Они шли, взяв друг друга за руки, по узкой тропе, у самого моря. Выл ранний оливковый вечер, беспокойно пахнувший морем. Перед глазами вставало большое небо, стлалось большое море, линия могучих лесов вычерчивалась слева.

– Ах, мне это понятно, – сказала Ольга. – Так хочется делать только самые великие дела.

– У великих дел нет специальности, – ответил Шлегель. – Да и, вообще говоря, я знаю на свете только одну хорошую специальность. Вот ваш покойный отец владел ею в совершенстве.

– Что это?

– Он был удивительным революционным практиком. Он везде искал новое, вцеплялся в него, и, я думаю, во всех науках его интересовало только одно – как победить белых с наименьшей затратой сил. Варвара Ильинишна имела другую специальность – она заставляла верить в нее. Ей верили, чем бы она ни занималась. Что такое великое дело? Это великий характер, проявившийся в кооперации, физике, рыбоведении, войне или искусстве. Можно быть великим дворником и можно быть бездарным профессором.

– Но люди должны мечтать, Шлегель. Люди, не создавшие ничего великого, больше других имеют право на мечту о великом.

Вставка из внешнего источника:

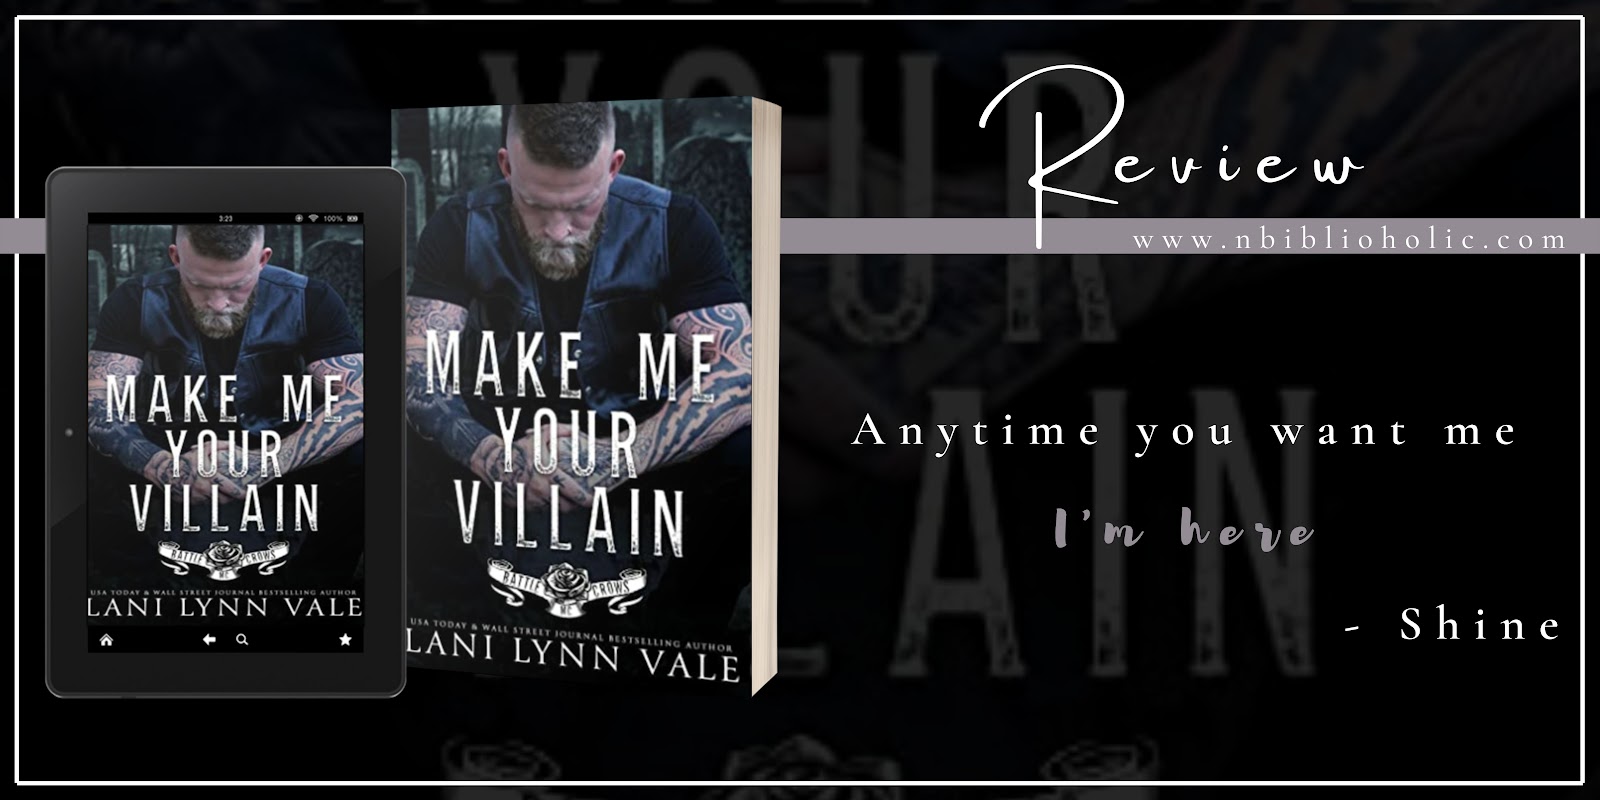 Make Me Your Villain by Lani Lynn Vale

– На севере вы увидите Шотмана. Вы знаете его? Седенький, квелый старик старикашка, как его называют тут. Вот – мечтатель. Если он увлекается музыкой, знайте, что он уж где-то воспитывает музыканта. Если увлекается архитектурой, значит, запустил руку в чью-то душу и строит там. И посмотрите, сколько вокруг него толчется людей.

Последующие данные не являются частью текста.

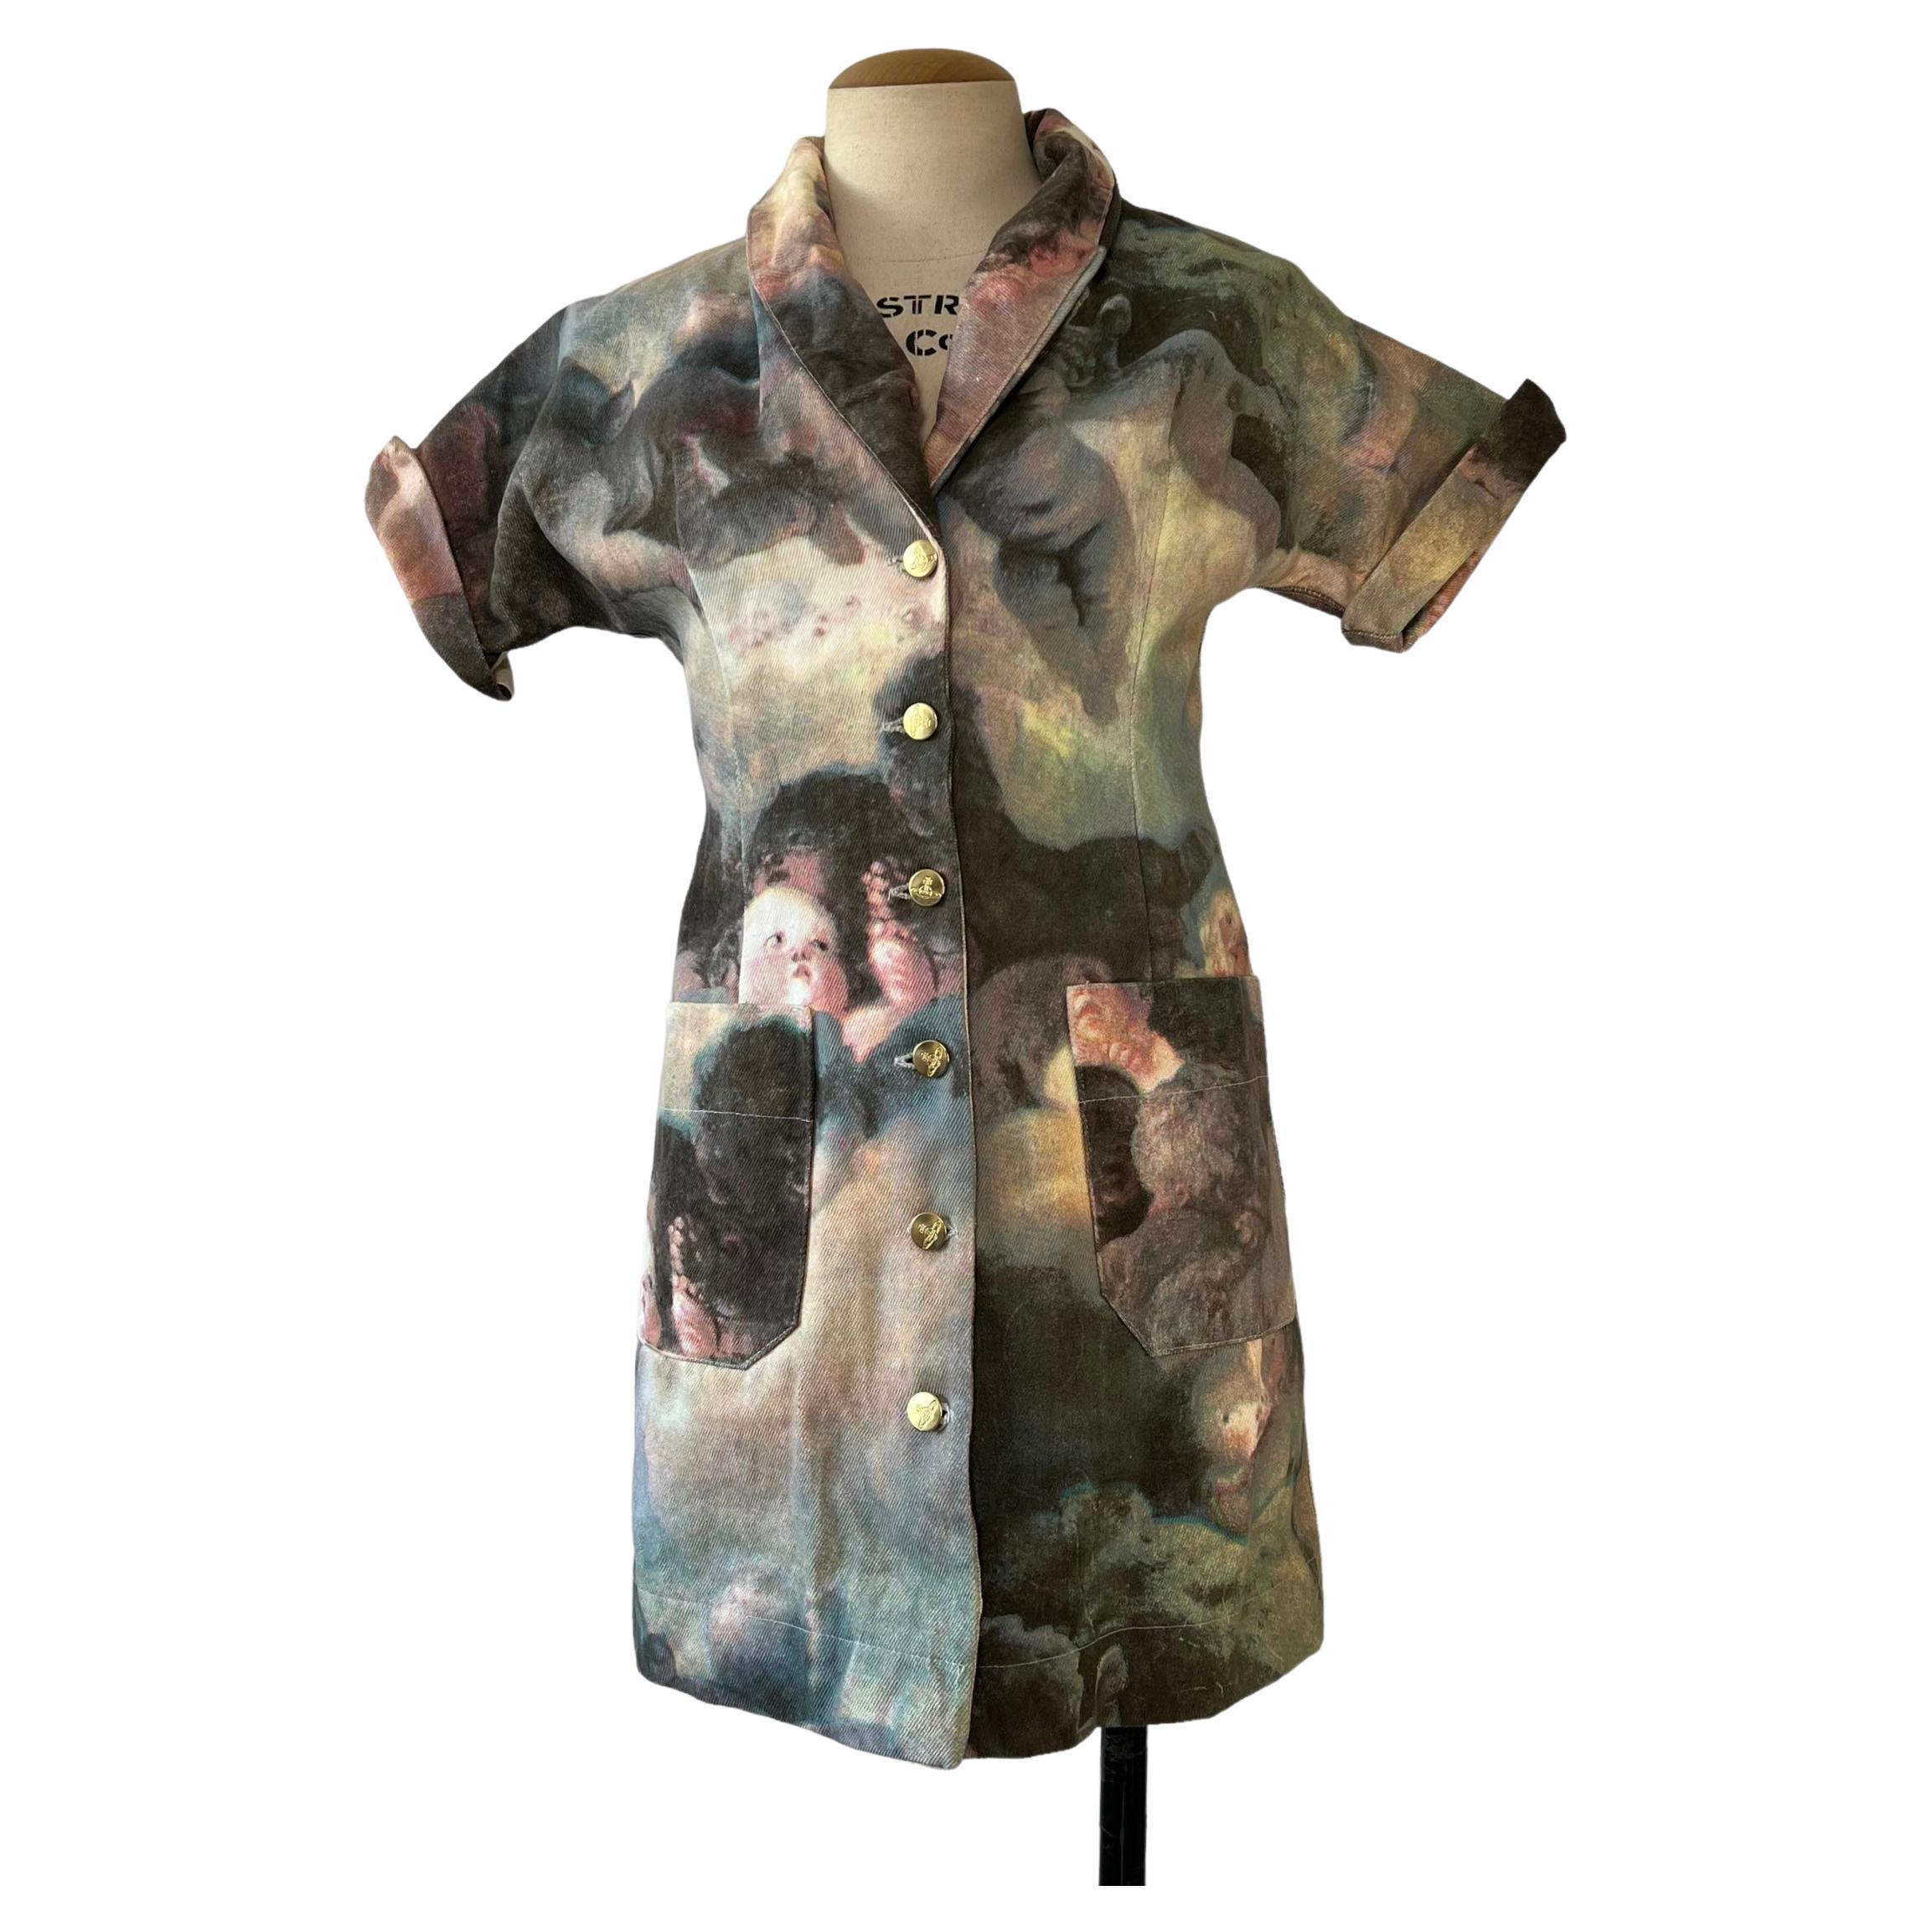 Das Vivienne Westwood 1992 Putti Print Dress ist ein wahres Schmuckstück aus der bemerkenswerten Kollektion der legendären Modedesignerin. Der Druck wurde erstmals 1991 als Teil der Vivienne Westwood Collection'S veröffentlicht. Sie wurde jedoch in

– Я сам писал стихи, – продолжал Шлегель, кашляя от смущения. – Я хотел быть знаменитым поэтом, но однажды увидел молодого болвана, сюсюкающего о любви… У него были подлые поросячьи глаза, противные, грязные руки, и он явно хотел получать большие гонорары за свои безграмотные стихи. Ему снились лаковые туфли и шницель, а не лавровые венки. И тогда я подумал: я поэт? Я стану писать стихи о любви? О будущем? Я? Мне стало страшно. Какую душу надо иметь, чтобы рискнуть на этот подвиг! С тех пор я чекист. Не то, что здесь нужна душа поменьше, но совсем другая душа, потверже, посуше. Когда я высовываю голову из кабинета, в котором самый старый заключенный – это я сам, когда я поднимаю глаза от преступников, подлецов и идиотов, я хочу видеть, что кто-то мечтает за меня, кто-то возводит города, пишет хорошие книги, ставит замечательные спектакли, находит новые дороги в науке, и мне становится легко. Вздохну разок-другой о своих стихах и опять погружаюсь в дела. Чтобы я хорошо работал, всегда должно быть что-нибудь радостное за моим окном…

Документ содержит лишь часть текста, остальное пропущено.